[[ RAW DATA, beginning ]]

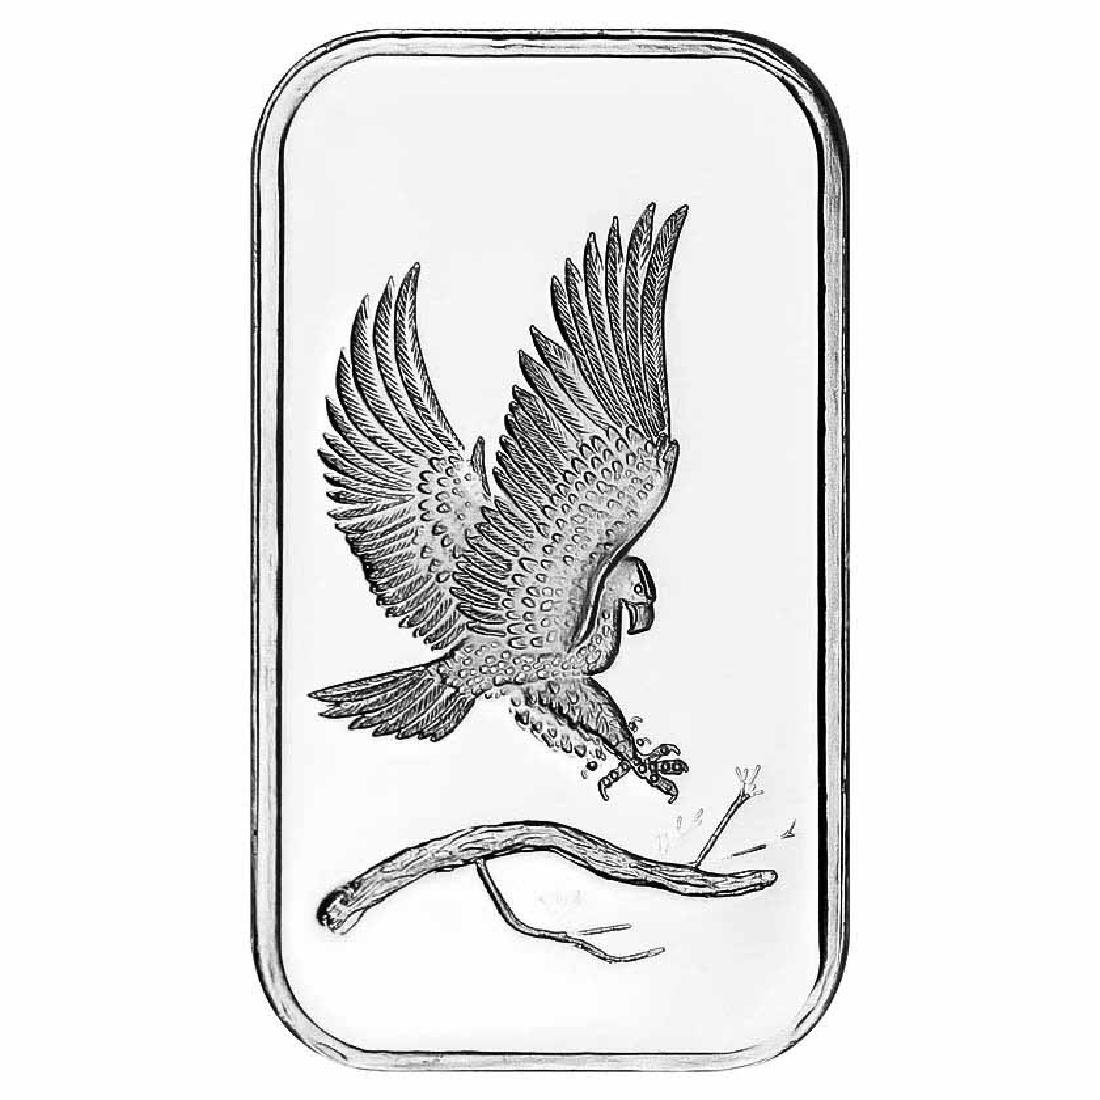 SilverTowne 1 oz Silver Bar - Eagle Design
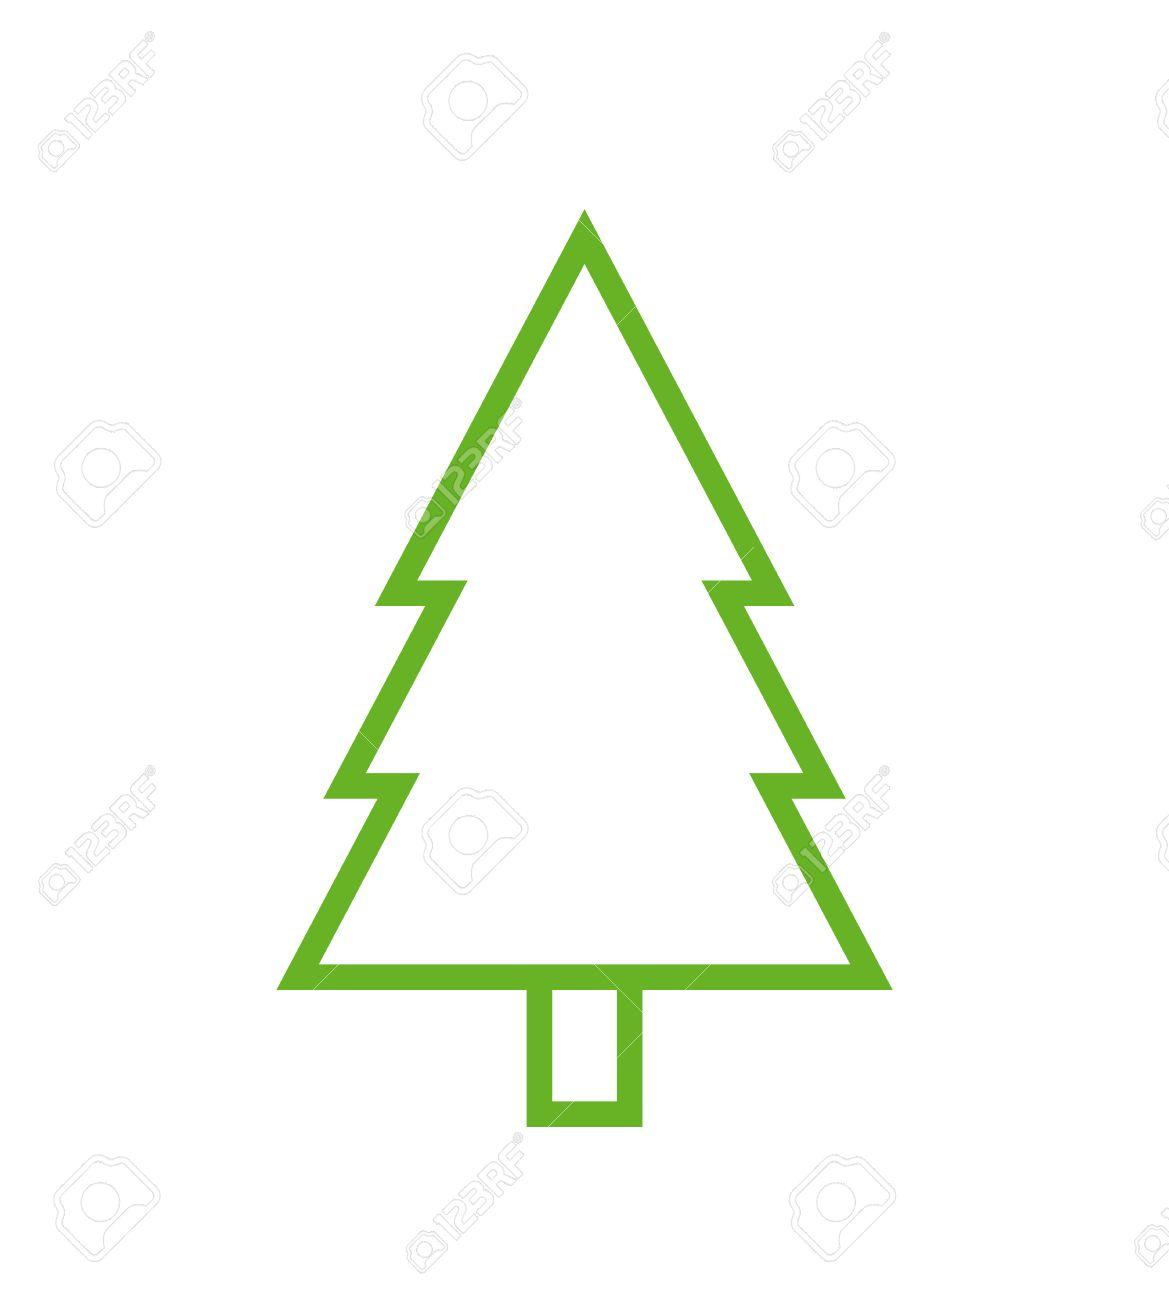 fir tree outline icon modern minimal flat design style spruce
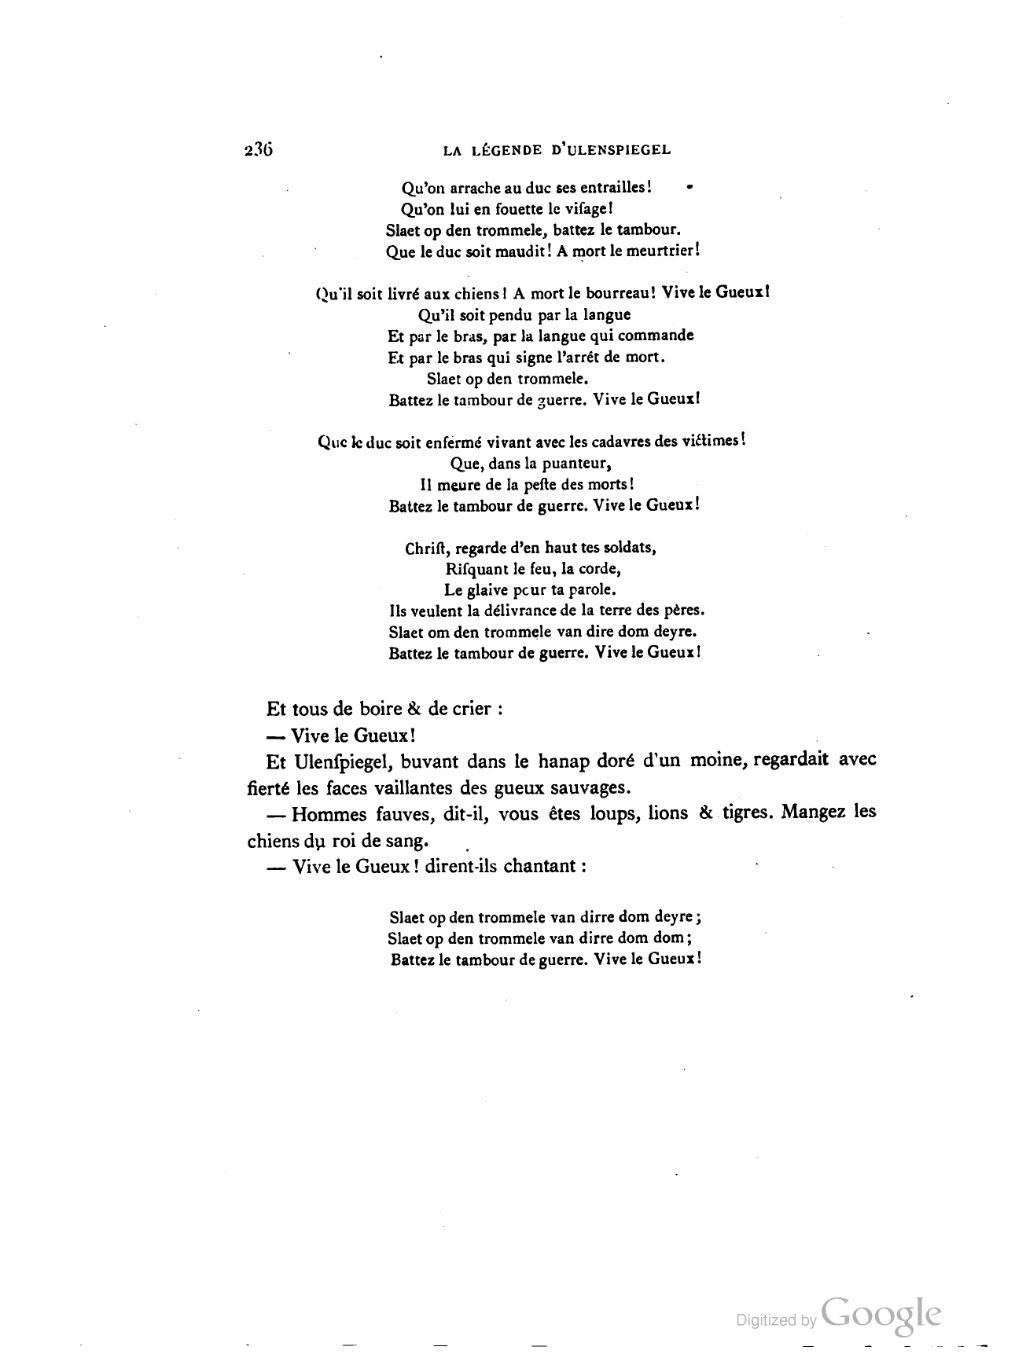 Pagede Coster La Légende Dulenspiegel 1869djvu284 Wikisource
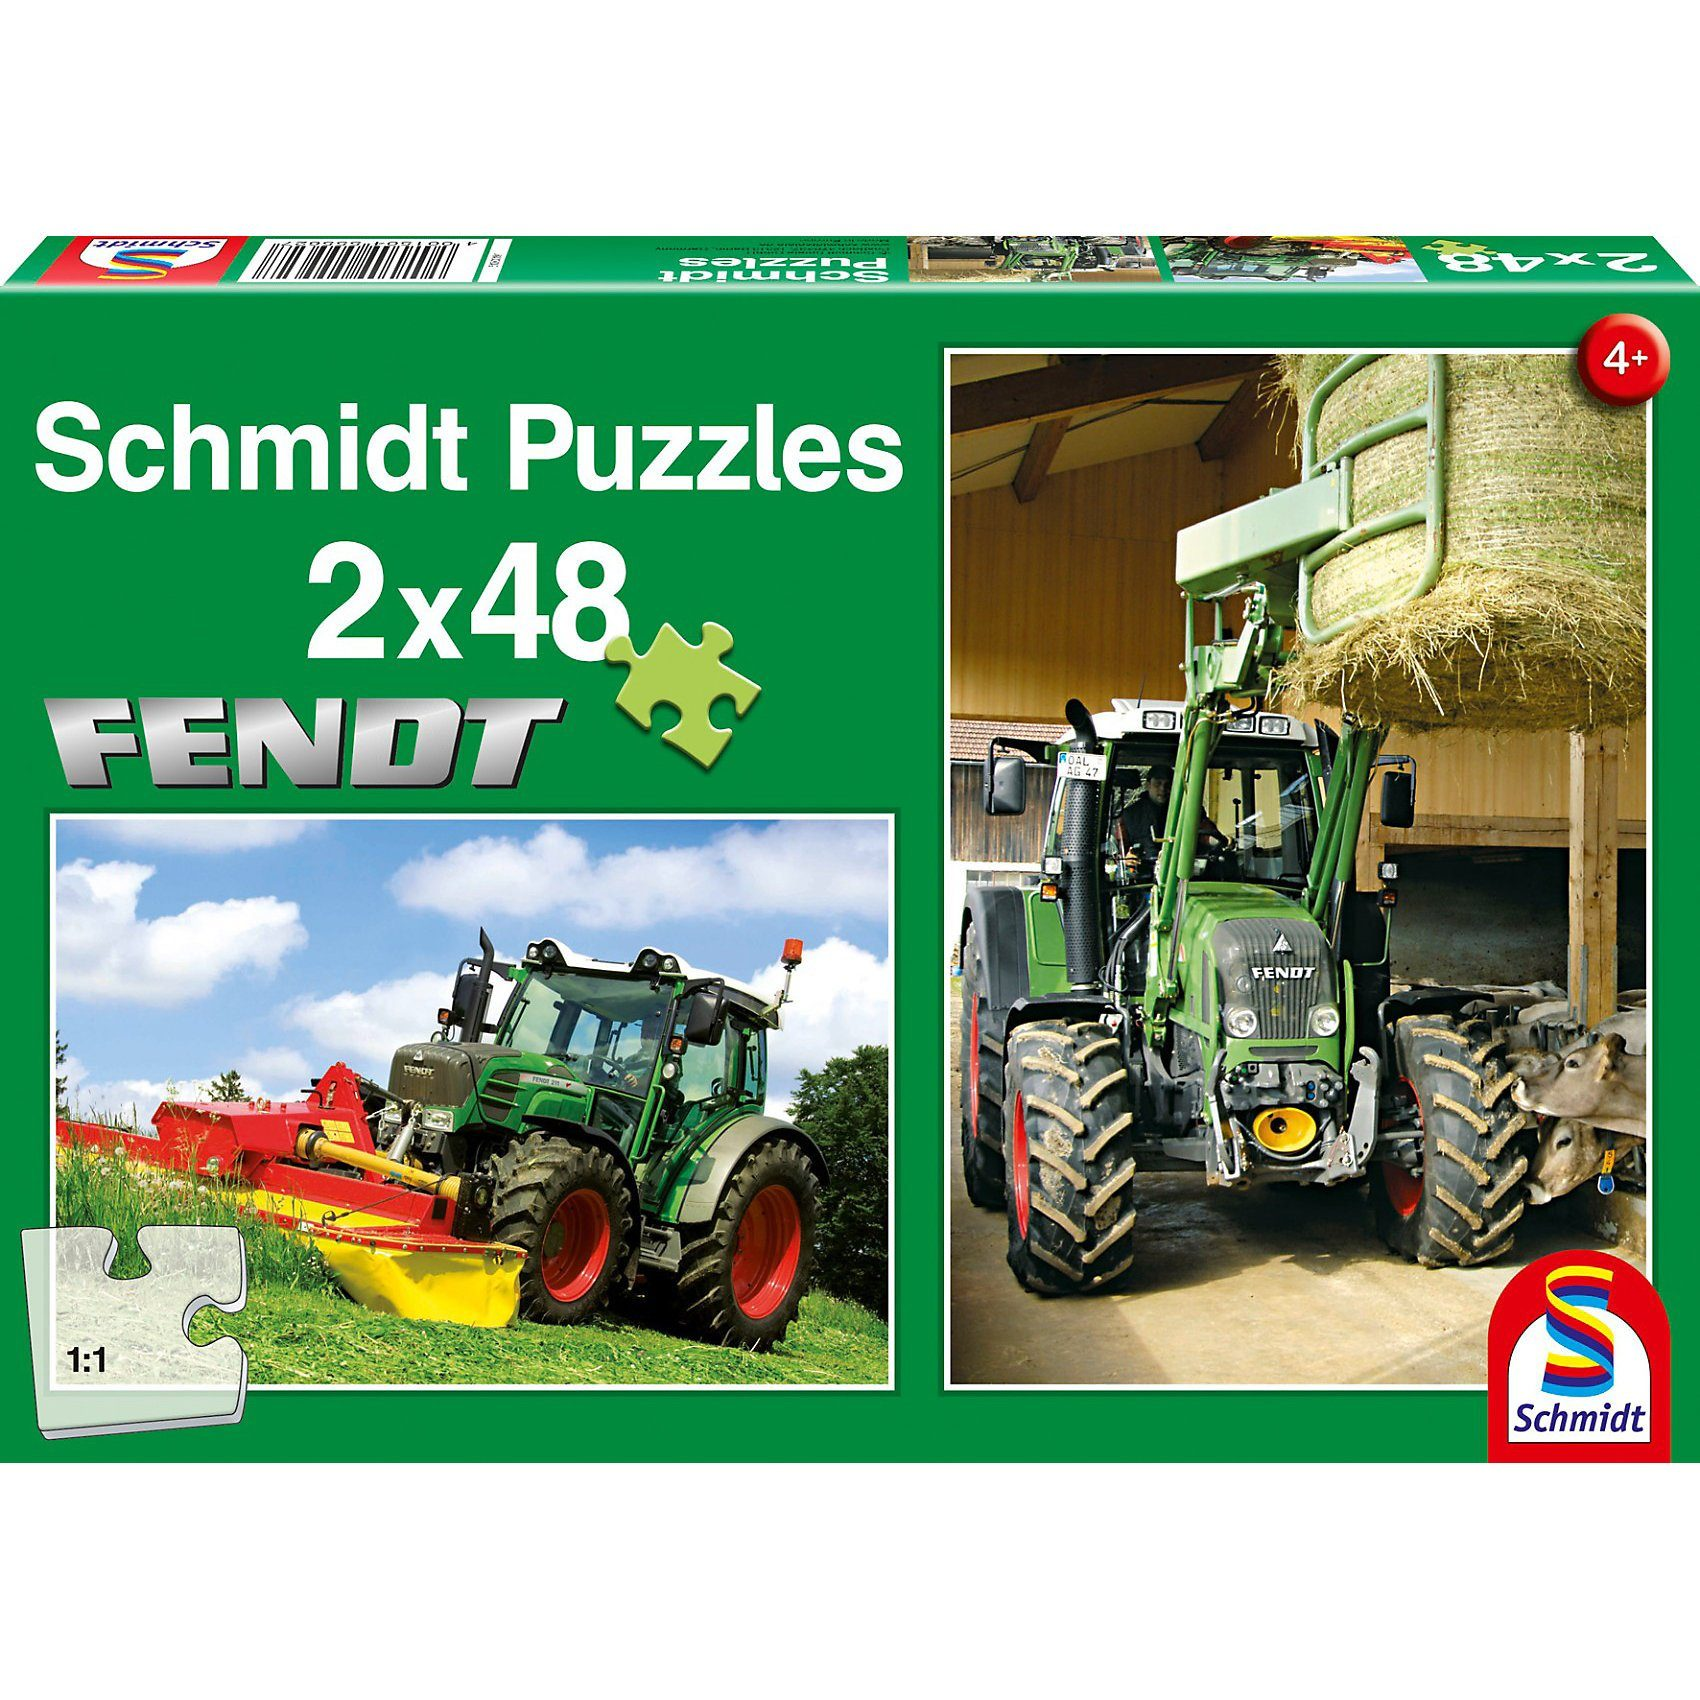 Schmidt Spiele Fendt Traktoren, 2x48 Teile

[[ RAW DATA, end ]]

- _TASK TO COMPLETE_
Word for word, repeat only the lines from the line containing "Pagede Coster La" through the end of the data, without any pictures.

- _TASK SOLUTION_
 Pagede Coster La Légende Dulenspiegel 1869djvu284 Wikisource
 Schmidt Spiele Fendt Traktoren, 2x48 Teile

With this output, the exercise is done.